In [None]:
from pyspark.sql import SparkSession
from pyspark.sql.types import StringType
from pyspark.sql.window import Window
from pyspark.sql.functions import col, udf, when, desc, sum, dense_rank

In [None]:
# Initialisation de la SparkSession
spark = SparkSession \
    .builder \
    .appName("dataframes-flights") \
    .master("local[*]") \
    .getOrCreate()

In [None]:
# Lecture du fichier
flights_file = "data/flights.csv"

flights_df = spark.read \
    .option("inferSchema", "true") \
    .option("header", "true") \
    .load(flights_file, format="csv")

In [None]:
# 1
flights_df.filter(col("distance") > 1000) \
    .show()

In [None]:
# 2
delay_df = flights_df.groupBy("destination") \
    .agg(sum("delay").alias("Count")) \
    .orderBy("Count", ascending=False)

delay_df.show(n=10)

In [None]:
# 3
delay_df.write.format("csv").save("delay.csv", mode='overwrite')

In [None]:
# 4
delay_df.repartition(10).write.format("csv").save("delay.csv", mode='overwrite')

In [None]:
# 5
flights_df.select("delay", "origin", "destination") \
    .where(col("origin") == "SFO") \
    .where(col("destination") == "ORD") \
    .where(col("delay") > 120) \
    .orderBy("delay", ascending=False) \
    .show()

In [None]:
# 6
flights_df.select("delay", "origin", "destination") \
    .withColumn("delay_type",
                when(col("delay") >= 360, "Très long retard")
                .when((col("delay") >= 120) & (col("delay") < 360), "Long retard")
                .when((col("delay") >= 60) & (col("delay") < 120), "Retard modéré")
                .when((col("delay") > 0) & (col("delay") < 60), "Retard tolérable")
                .when(col("delay") == 0, "Pas de retard")
                .otherwise("En avance")) \
    .show()

In [None]:
# 7
df = flights_df.select("origin", "destination", "delay") \
    .where(col("origin").isin("SEA", "SFO", "JFK")) \
    .where(col("destination").isin("SEA", "SFO", "JFK", "DEN", "ORD", "LAX", "ATL")) \
    .groupBy("origin", "destination") \
    .agg(sum("delay").alias("TotalDelays")) \
    .orderBy("origin")

df.show()

In [None]:
# 8
windowSpec = Window.partitionBy("origin").orderBy(desc("TotalDelays"))
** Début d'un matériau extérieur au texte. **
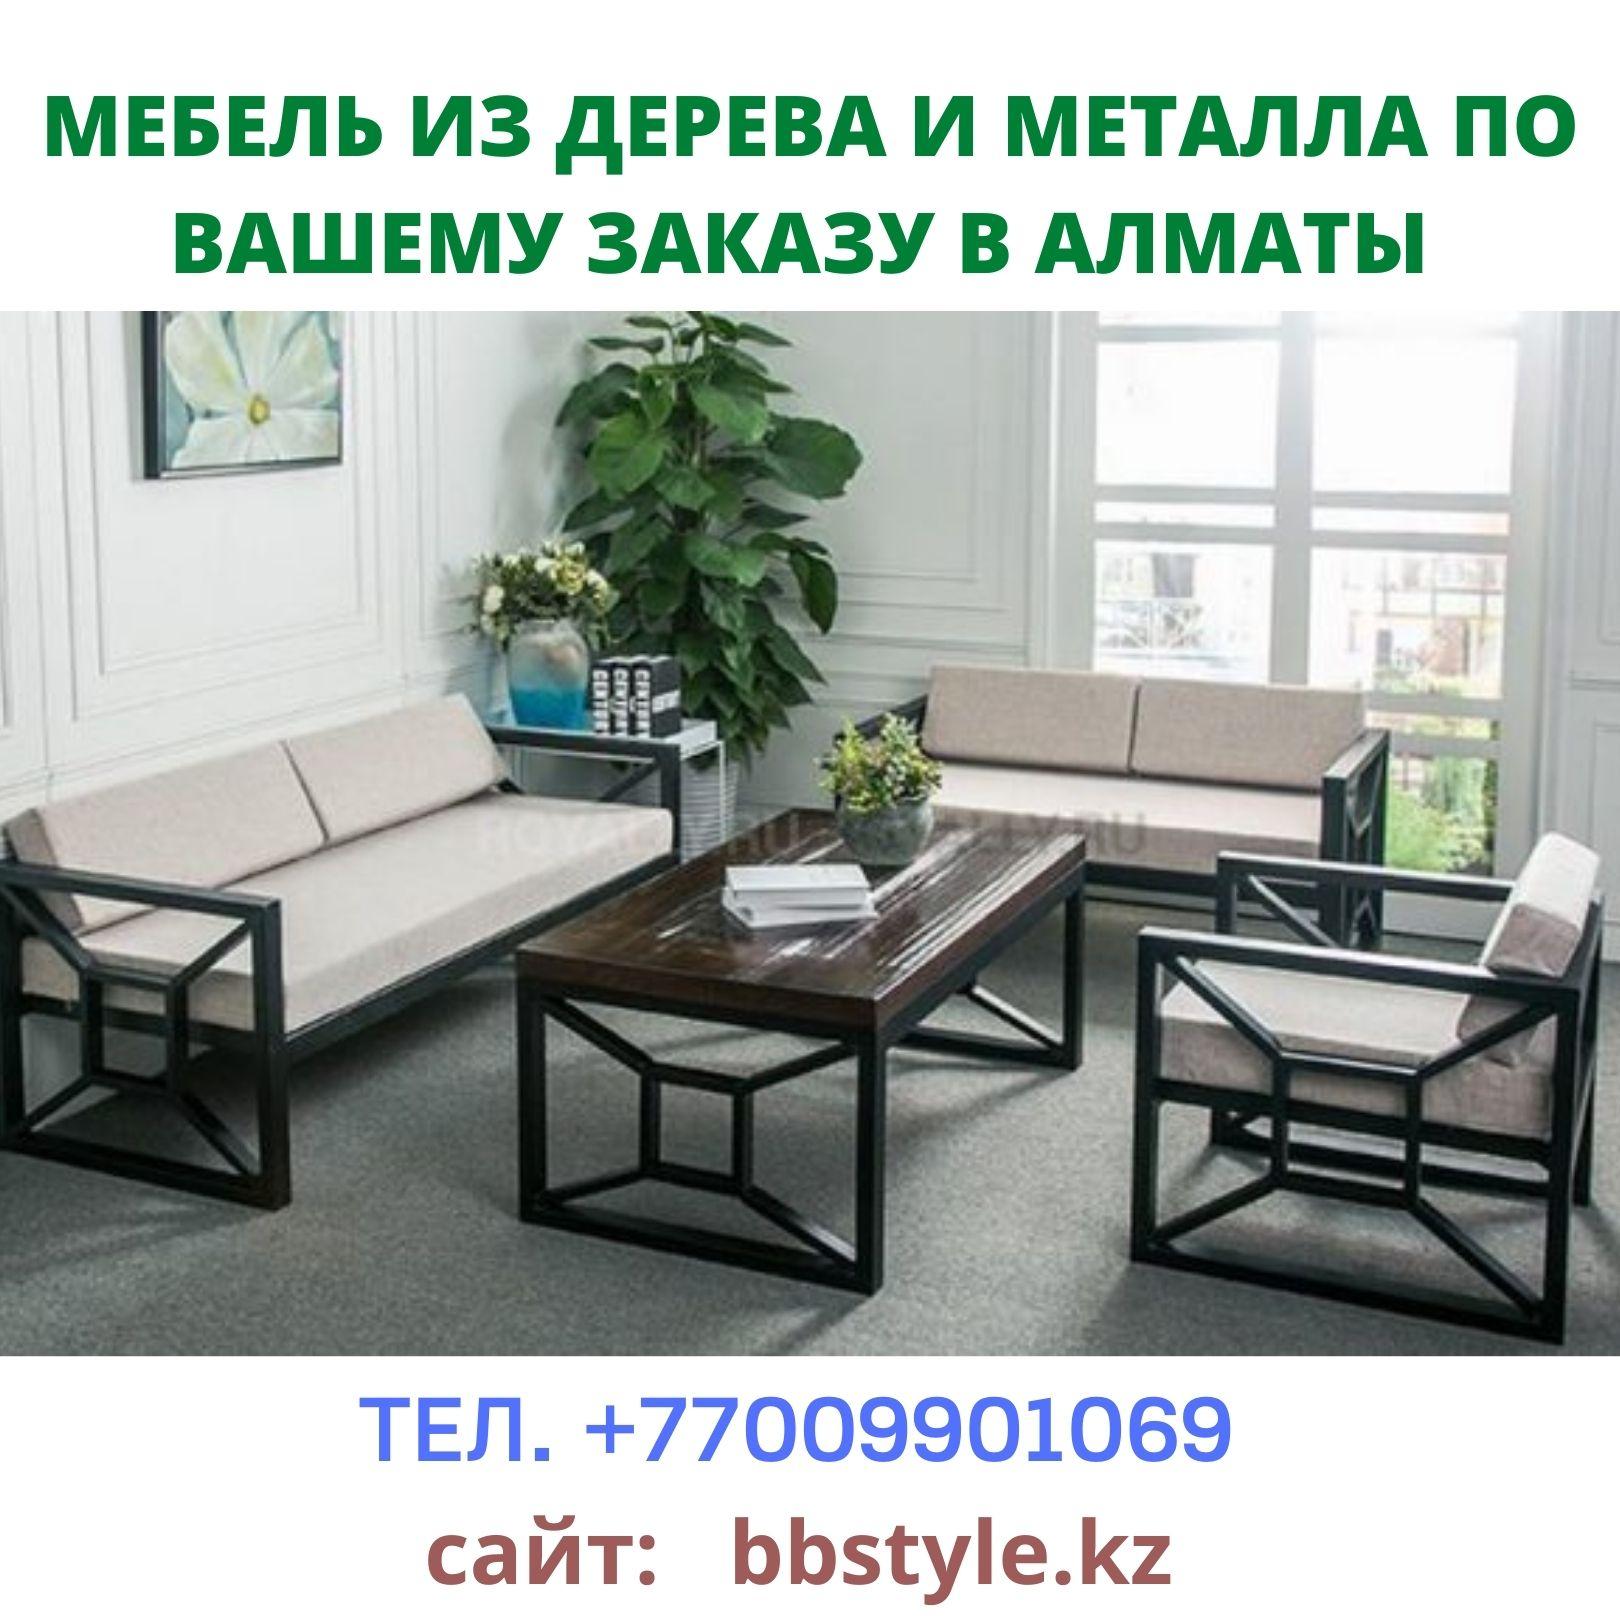 Лучшая мебель из дерева и металла на заказ в Алматы, +77009901069

df.withColumn("dense_rank", dense_rank().over(windowSpec)) \
    .where(col("dense_rank") <= 3) \
    .show()

In [None]:
# 9
def route(origin, destination):
    return origin + "-" + destination


route_col = udf(route, StringType())

flights_df.withColumn('route', route_col('origin', 'destination')).show()